# No suitable automounting solution for Linux?

## LuckySandal

Here are the various automounting options available on Linux. I will discuss them all, and point out why they are insufficient. I will not include legacy options such as supermount, submount, fstab-sync, etc.

gnome-volume-manger / KDE media manager

These two options can be dismissed out of hand, because they are tied to specific desktop environments. What happens if you are running two different desktop environments in separate virtual consoles? Which automounter mounts the media, and do they conflict? What if you happen to be working from the command prompt, without a running desktop environment? Furthermore, both of these systems utilise pmount/pumount, meaning that the media must be unmounted by the same user who mounted it.

Another little piece of frustration: for some devices, such as ipods, it is not enough to simply unmount, they have to be unregistered using /usr/bin/eject. Unfortunately, there is no program called peject, so unless you are in the priviledged "disk" group (and allowing ordinary users into that group would be DANGEROUS), you are not allowed to remove your ipod.

Single-user ivman

The problems affecting single-user ivman are exactly the same as gnome-volume-manager and KDE media manager.

System-wide ivman

The only problem with this option is that there is no way to umount the media unless you are ivman or root. I know, I know, the Wiki says you should add a file under /usr/share/hal/fdi/95userpolicy/ to set the hal property storage.policy.default.mount_option.users to true. This is wrong on so many levels. First of all, the Wiki doesn't even give the right path, it would be /usr/share/hal/fdi/policy/95userpolicy/. If that were a good idea in the first place. But I don't know what sort of neophyte with a two-year degree in system admistration would tell a user to manually modify anything under /usr. If that person had had even the most superficial knowledge of Linux administration, they would have known that user configuration data is stored under /etc, not /usr. Therefore, the correct path would have to be /etc/hal/fdi/policy/95userpolicy. But I digress.
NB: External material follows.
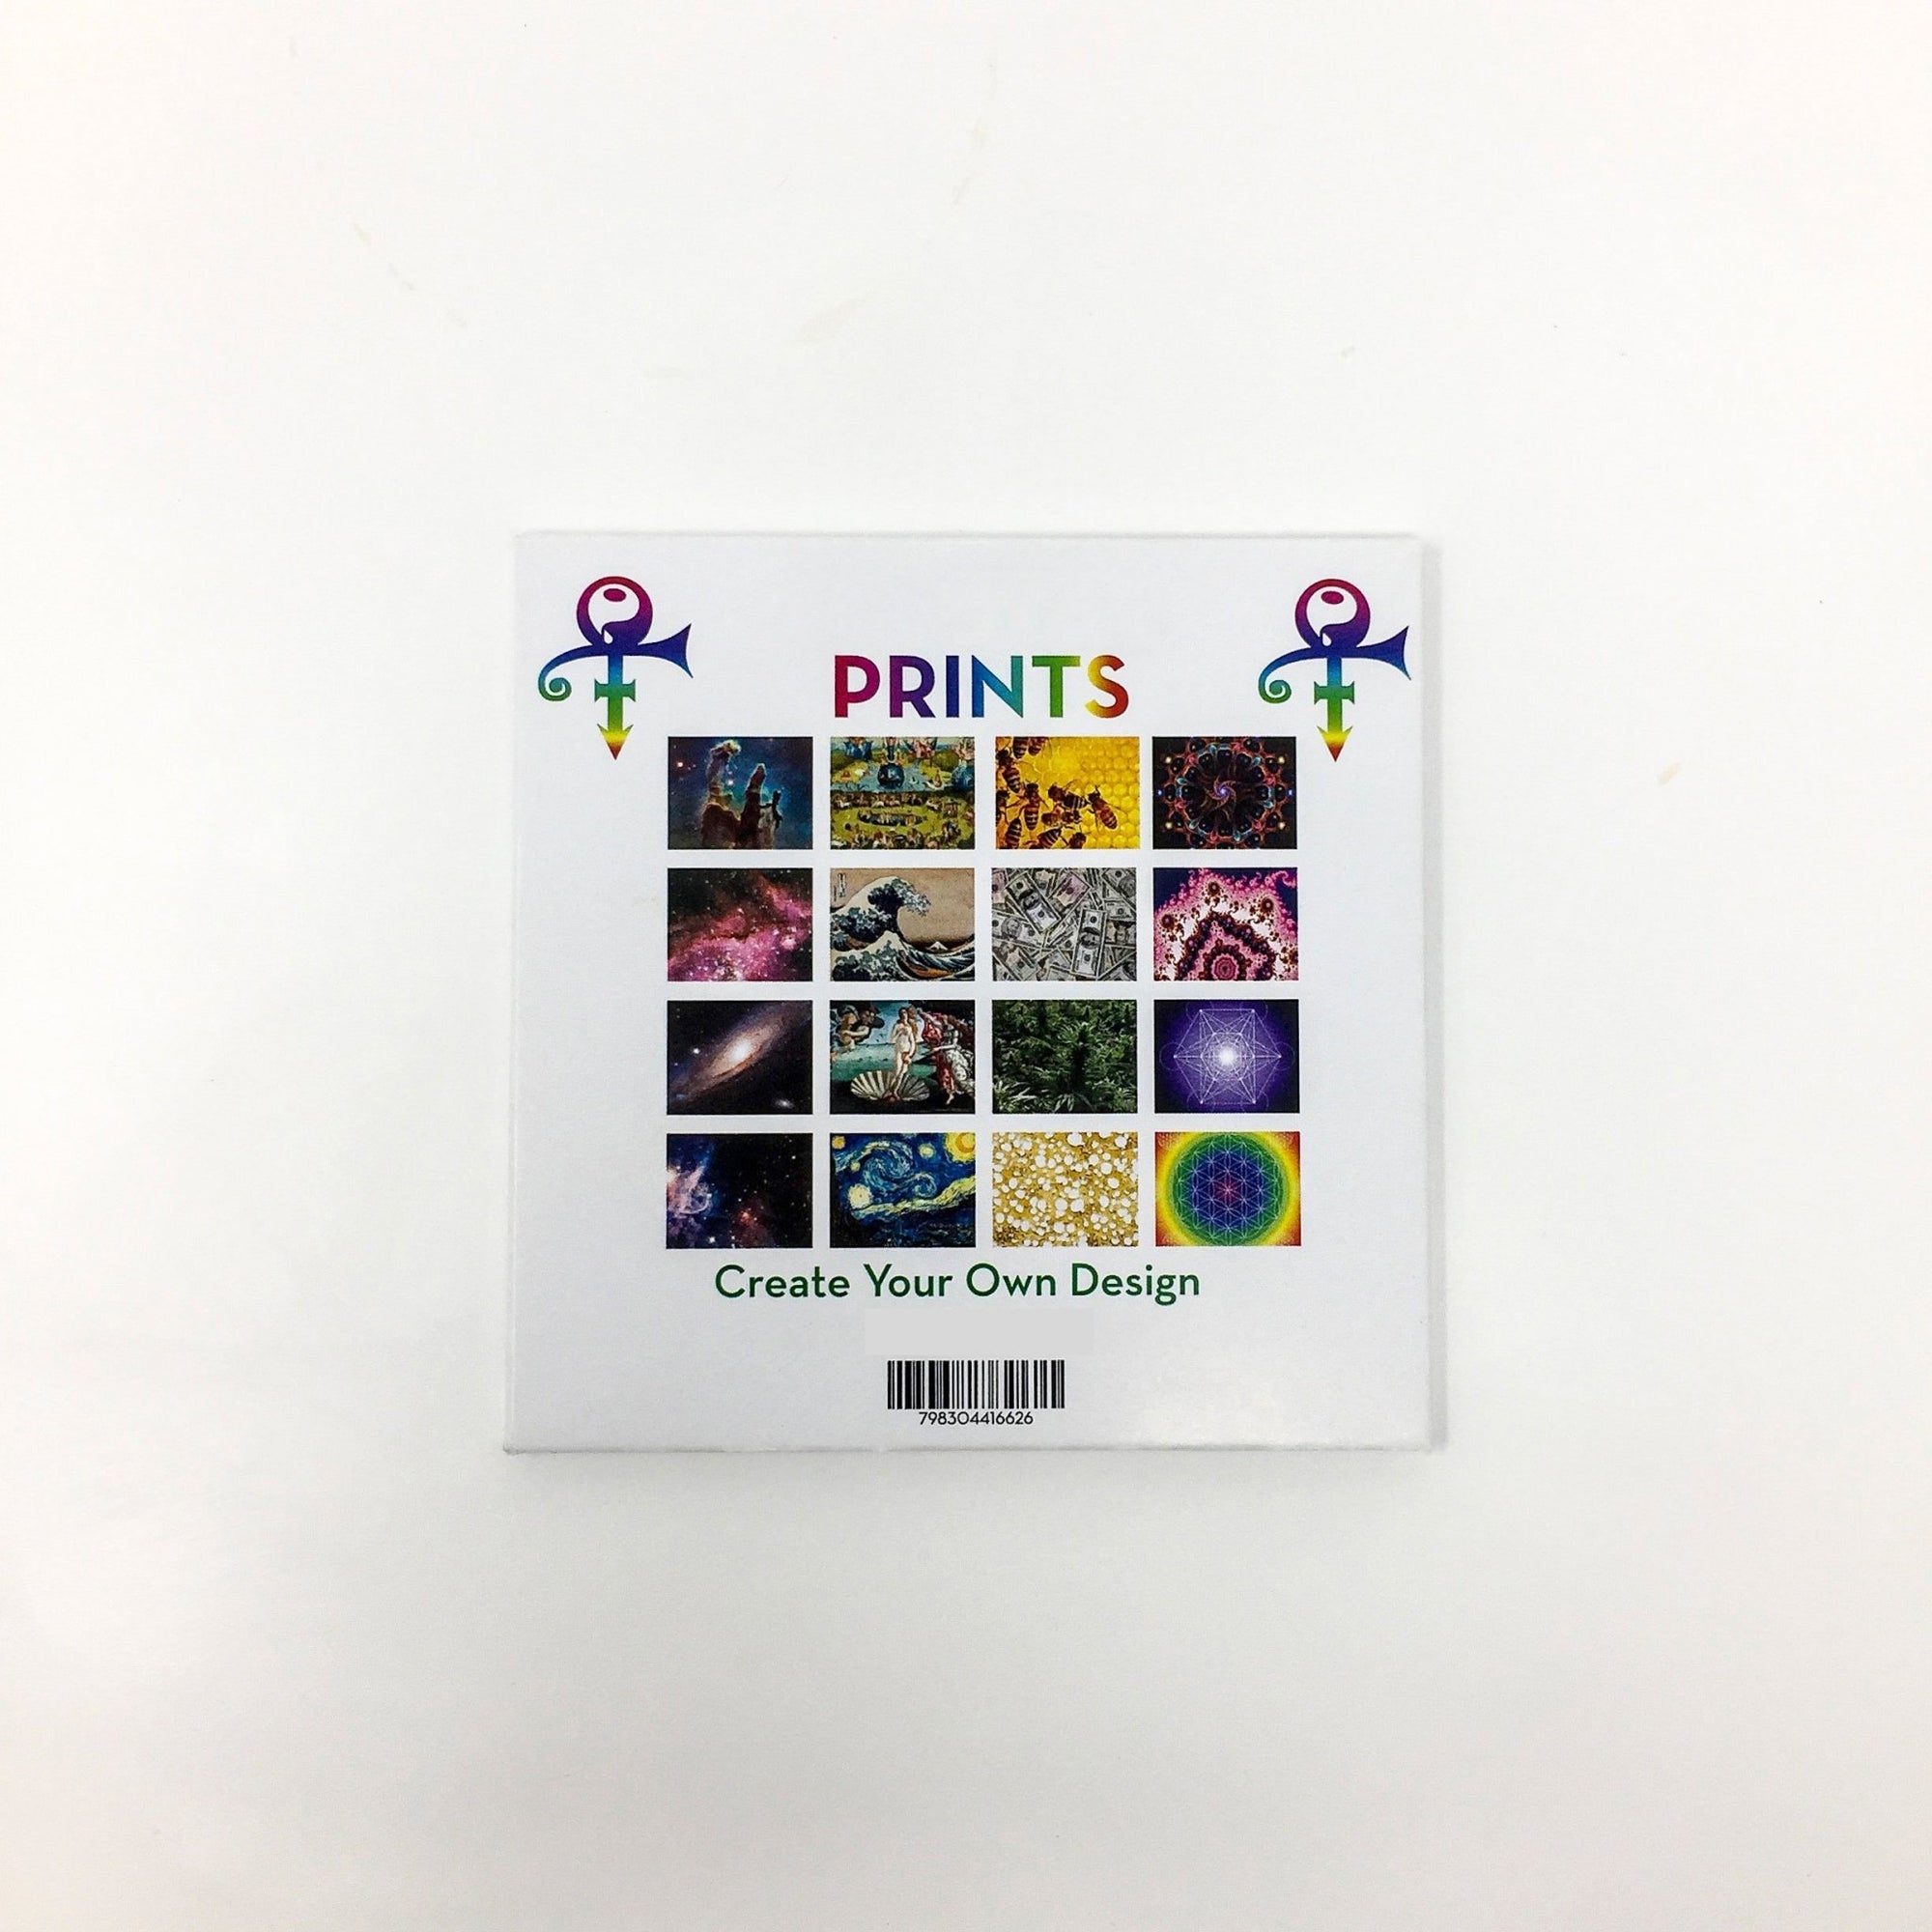 Printed Glassine release paper colorful artwork - Kraft & Kitchen

The even more embarrassing fact about this little piece of "advice" given in the Wiki is that the "users" is not a mount option. It is a placeholder used in an /etc/fstab entry to tell the mount command that any user is allowed to unmount the device associated with that entry. Unfortunately, ivman does not create fstab entries, so this little trick was only relevant in the old days of legacy fstab-sync.

 Conclusion

What then remains? Maybe if the Linux kernel were modified to actually support a "users" mount option that would allow unpriviledged unmounting to occur, sensible auto(un)mounting would be possible. Or maybe just allow pmount to optionally mount devices under its uid (as opposed to the calling uid) and pumount to allow any user to unmount them.  If this were achieved, then Linux could finally catch up to where commercial desktop operating systems were 10 years ago!

----------

## bollucks

 *LuckySandal wrote:*   

> Maybe if the Linux kernel were modified to actually support a "users" mount option that would allow unpriviledged unmounting to occur, sensible auto(un)mounting would be possible.

 

Linux has only had this user option for fstab for, oh, 14 years now.

----------

## LuckySandal

 *Quote:*   

> Linux has only had this user option for fstab for, oh, 14 years now.

 

You obviously didn't read my original post very carefully. I quote myself:

 *Quote:*   

> The even more embarrassing fact about this little piece of "advice" given in the Wiki is that the "users" is not a mount option. It is a placeholder used in an /etc/fstab entry to tell the mount command that any user is allowed to unmount the device associated with that entry. Unfortunately, ivman does not create fstab entries, so this little trick was only relevant in the old days of legacy fstab-sync.

 

Yes, you have been able to place the "users" option in fstab. But, automounting does not use fstab. "users" has never been a mount option as far as I know. For instance, if specified on the command line, e.g. mount -o users /dev/sda2 /media/TravelDrive it has no meaning. It is only meaningful inside an fstab entry. I'm saying it should be made meaningful to the kernel, so you can unmount devices mounted with -o users without having an fstab entry.

----------

## bollucks

My bad. For the record it shits me too.

----------

## Mad Merlin

I've been using supermount-ng for awhile now and am quite pleased with them. For quite awhile, the -ck branch carried the ported patches, but this stopped around 2.6.13, since then I found someone else who had ported the patches to newer kernel versions. I'm currently using 2.6.14. I hope someone comes up with a suitable solution to this problem. Supermount is pretty old and apparently very hacky and ugly, but it works. I'm not particularly excited about manually mounting or any of the "new" solutions to this problem that I've seen, so hopefully someone comes up with something better in the mean time.

----------

## massysett

LuckySandal--

 *Quote:*   

> Here are the various automounting options available on Linux. I will discuss them all, and point out why they are insufficient. I will not include legacy options such as supermount, submount, fstab-sync, etc.

 

fstab-sync is not an "automounting option." fstab-sync does not mount anything. It merely edits your /etc/fstab in response to HAL events. And yes, it uses HAL, which is relatively new, meaning that fstab-sync is not a "legacy option" either.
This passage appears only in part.